__WHAT YOU ARE ASKED TO DO__. Starting at the line that contains "Three men from" and stopping at the line that contains "Murano Gold Wall", transcribe every line of the material below exactly; pictures stay out.

__EXERCISE MATERIAL__.
┄┄┄┄┄┄┄┄┄┄
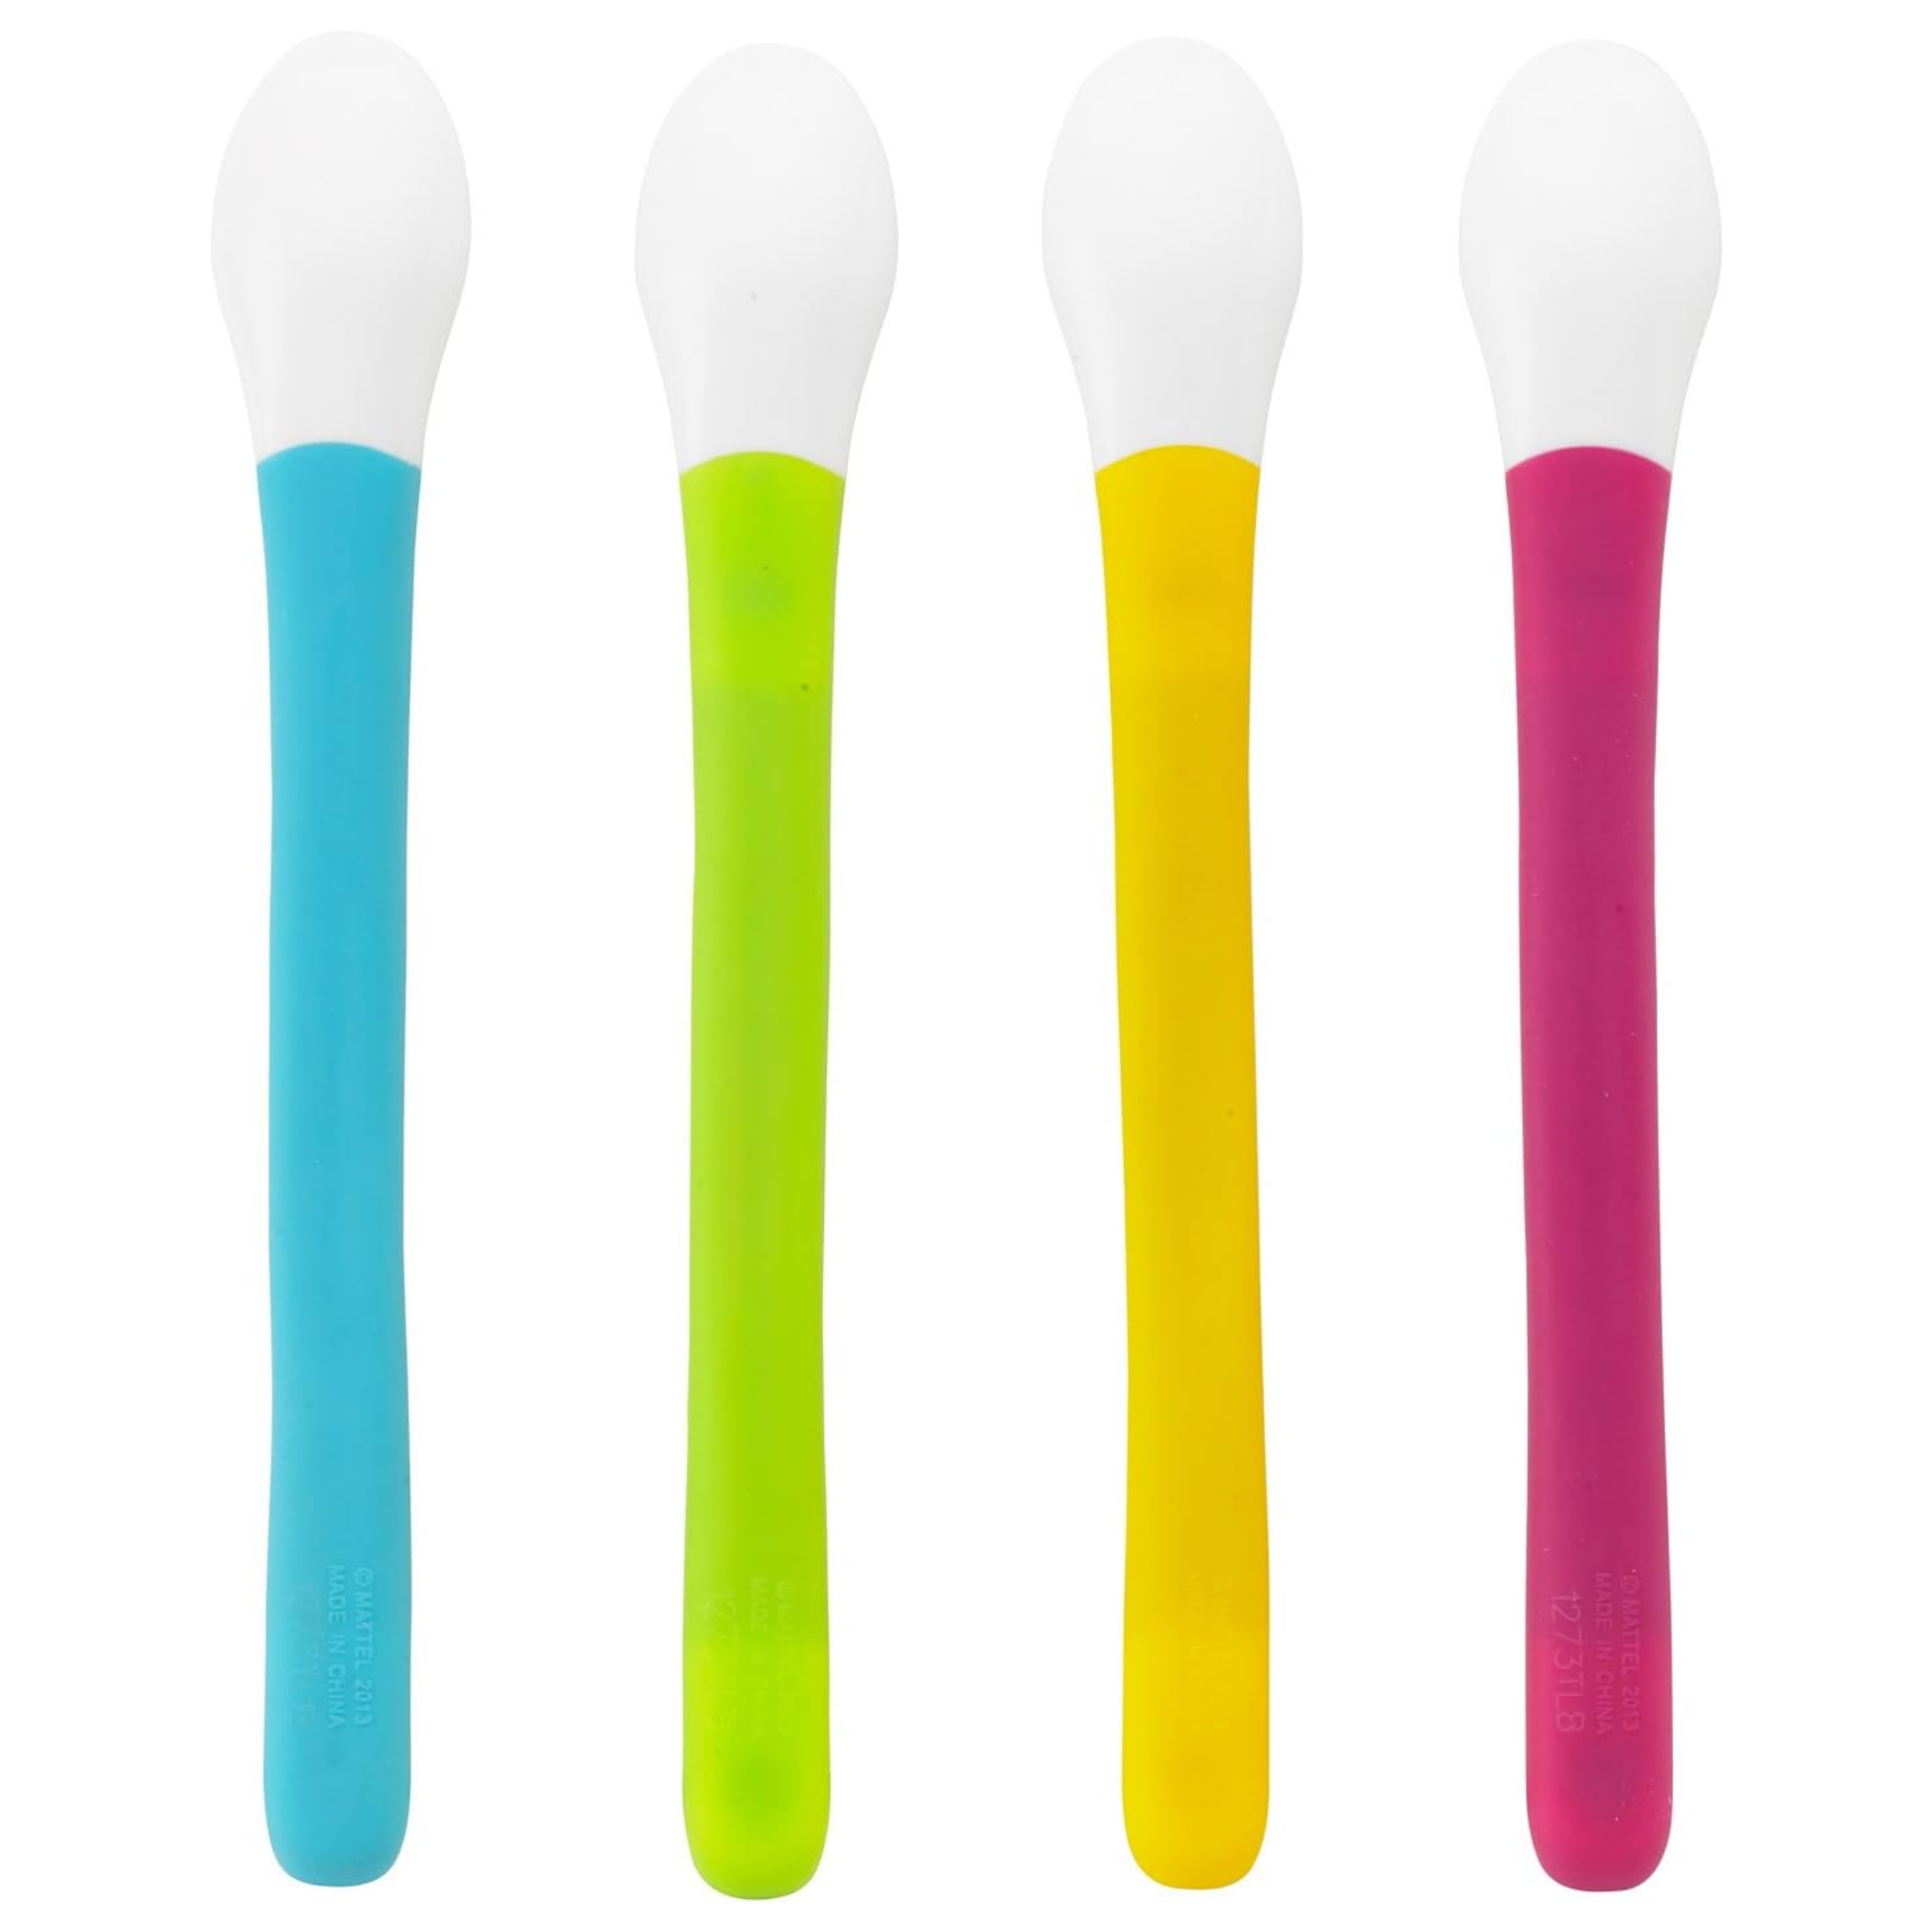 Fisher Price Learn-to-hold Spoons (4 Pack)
┄┄┄┄┄┄┄┄┄┄
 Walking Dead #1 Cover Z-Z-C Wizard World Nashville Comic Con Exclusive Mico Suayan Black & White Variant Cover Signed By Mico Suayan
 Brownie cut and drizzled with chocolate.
┄┄┄┄┄┄┄┄┄┄
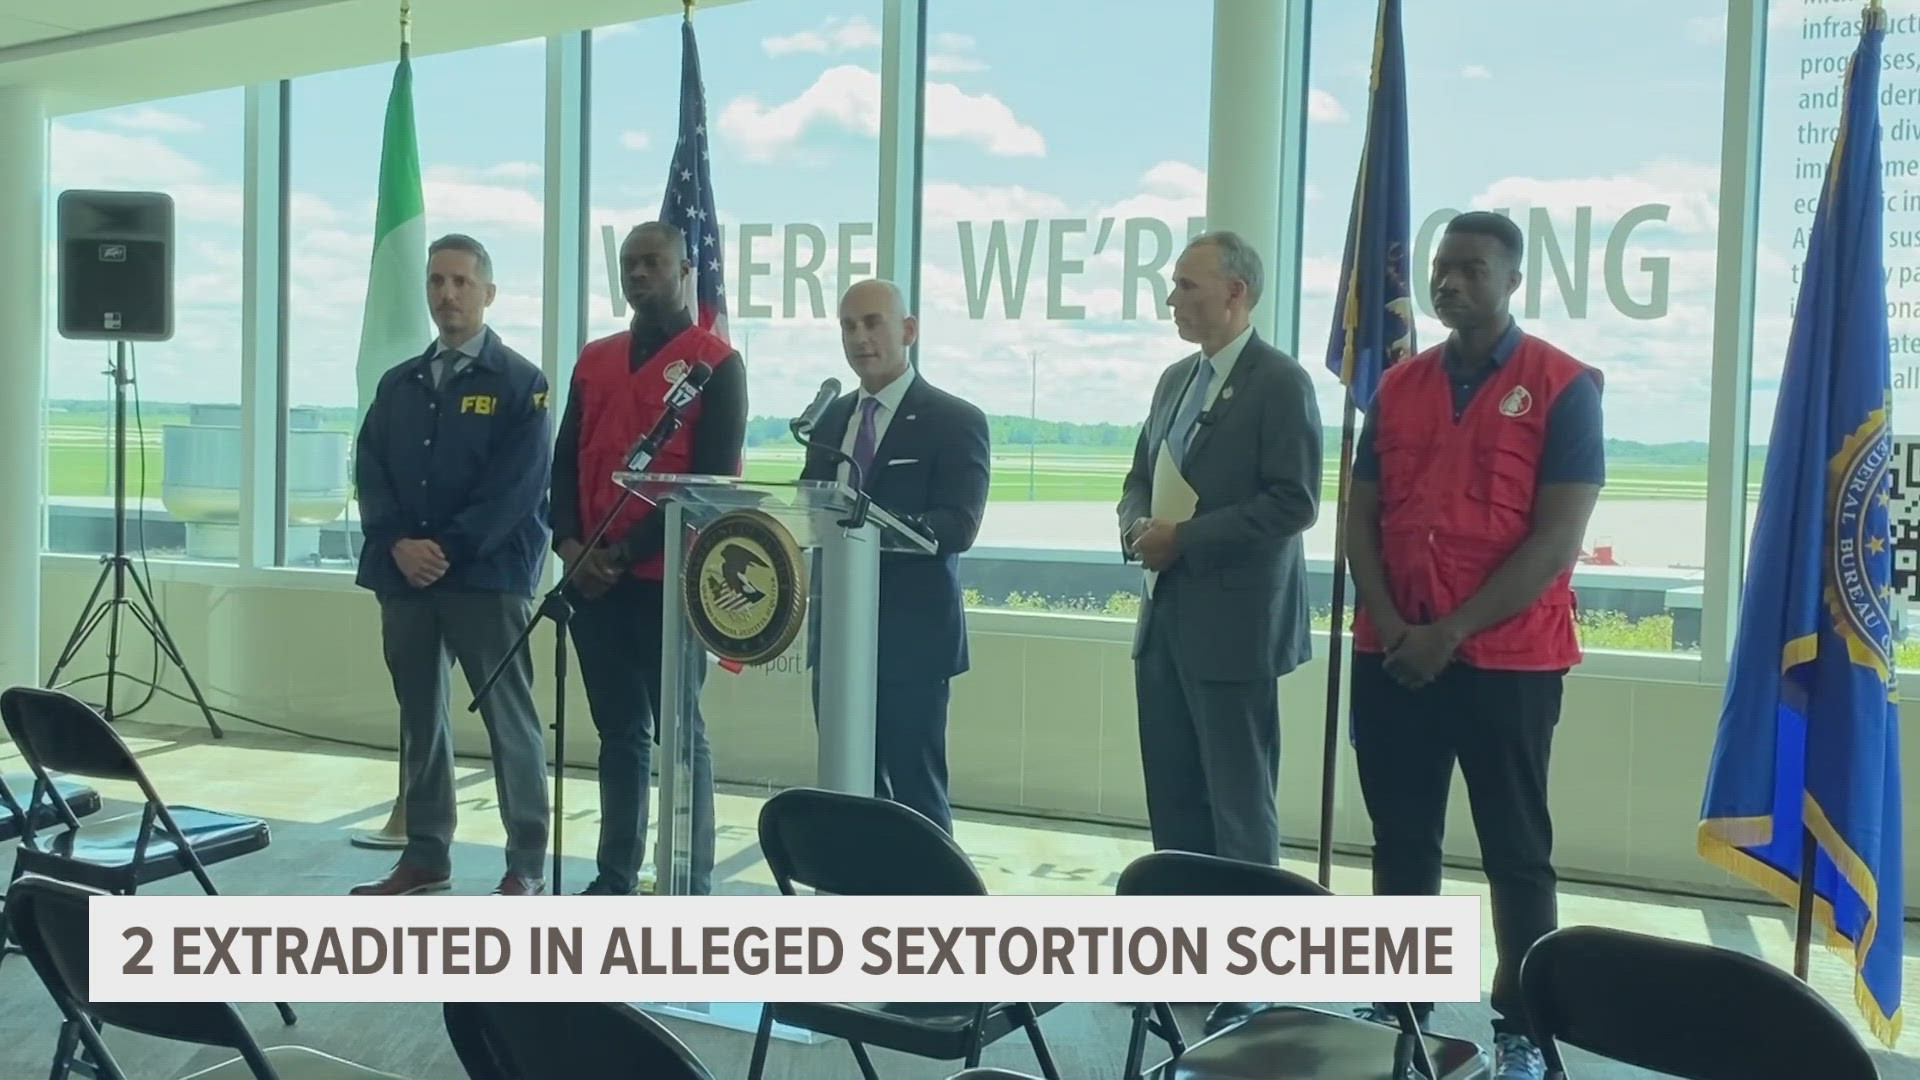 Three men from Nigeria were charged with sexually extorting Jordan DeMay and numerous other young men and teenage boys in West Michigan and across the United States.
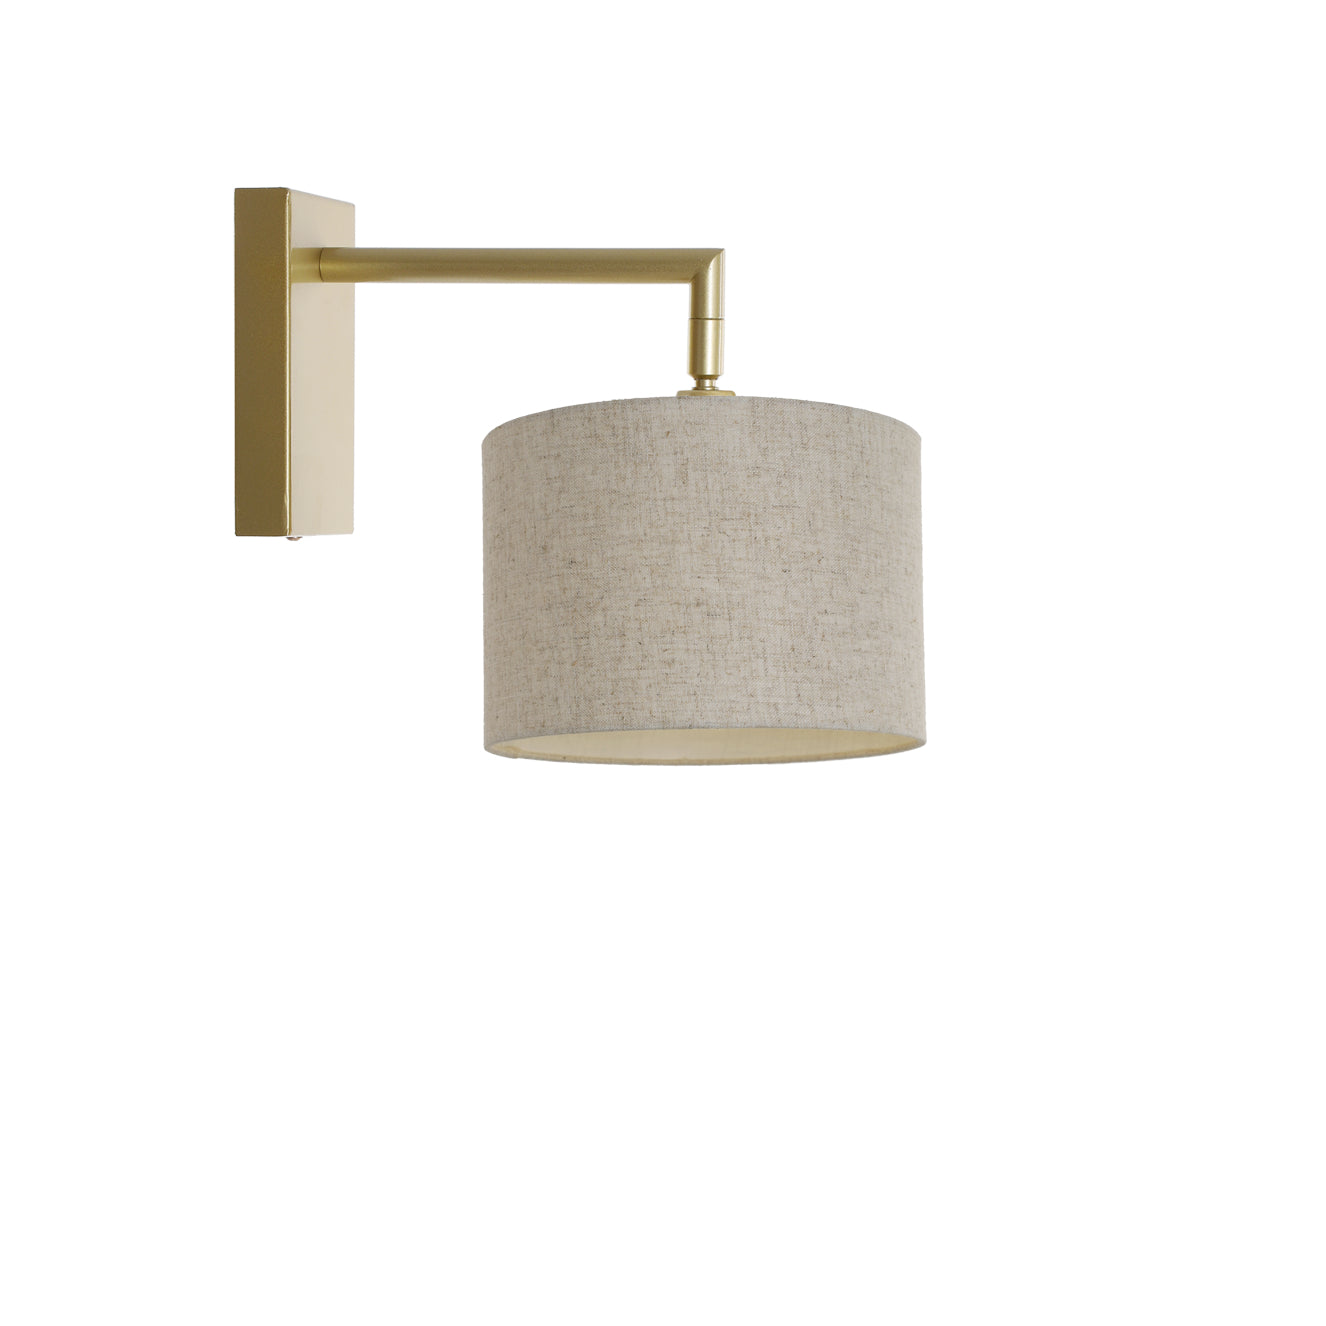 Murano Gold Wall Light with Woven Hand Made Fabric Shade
┄┄┄┄┄┄┄┄┄┄
__ANSWER FOR THE TASK__.
 Three men from Nigeria were charged with sexually extorting Jordan DeMay and numerous other young men and teenage boys in West Michigan and across the United States.
 Murano Gold Wall Light with Woven Hand Made Fabric Shade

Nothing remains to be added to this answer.